Round Robin Database

What:

• Round Robin Database is a time series database that makes it easy to store and graph data.
• RRD makes the housekeeping of collection a specific number of data points easier. - Focus on your data and let RRD deal with storing it for you.

Why:

• To assist with diagnostics
• To identify patterns and trends
• So you can see what your numerical data looks like.

When & Where:

• Any time & place that you can benefit from collecting -> recording -> graphing numbers

How:

• Collect the number(s) using the same command(s) you use when actively looking at the output.
• Record the number(s) for later analysis.
• Graph the number(s) to visualize their values over time.

Who:

• Anyone who can benefit from collecting -> recording -> graphing numbers.
• Read: You!

Collect, Record, and Graph

Suppose that I'm running the following command to monitor a counter:

${COLLECT_COMMAND}

Suppose that the command produces output like the following:

609 4667 342
616 4667 228
623 4667 114
630 4680 0
637 4667 -114
644 4667 -228
651 4667 -342

Hint:

• There is a pattern to it, but it's multiple hundreds of lines of output to see it.
• If you're really good at math, you might be able to decode the numbers using 7, 13, and 19 (in that order).
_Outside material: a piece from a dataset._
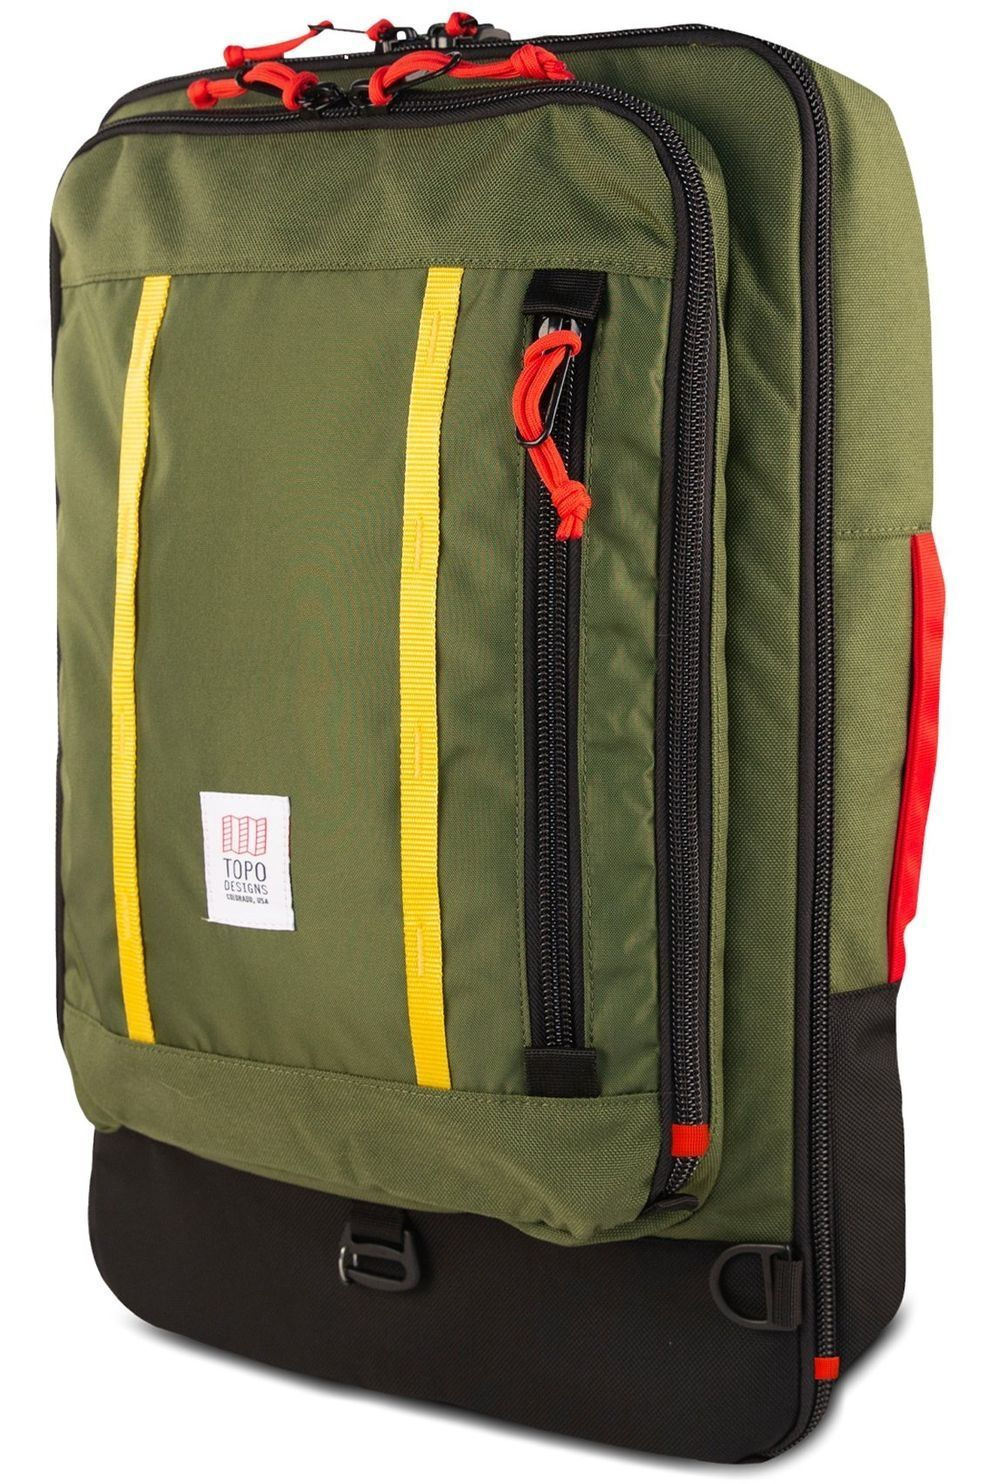 Topo Designs Travelpack Travel Bag 40L - Groen/Rood

If you're like me, you're not good enough nor fast enough at math to keep hundreds of lines derived numbers in your head to see the pattern.

So, let's Collect the numbers from ${COLLECT_COMMAND} and Record them so that we can use them later.

${COLLECT_COMMAND} | awk '{system("${RECORD_COMMAND} -field1 " $1 " -field2 " $2 " -field3 " $3)}'

Then once you have some data, graph the data to see if you start to see a pattern.

${GRAPH_COMMAND} ${GRAPH_PARAMETERS}

Oh! Ah Ha!!!

Now a pattern, which may be familiar to some, almost instantly becomes recognizable.

• Alpha is the angle in degrees (multiplied by 7).
• Bravo is the Sine of the angle (multiplied by 13).
• Charlie is the Cosine of the angle (multiplied by 19).

Some of you might have been able to see the pattern if the numbers hadn't been multiplied by an arbitrary number.

I bet that most of you have seen the visual representation of these patterns at some point in the past.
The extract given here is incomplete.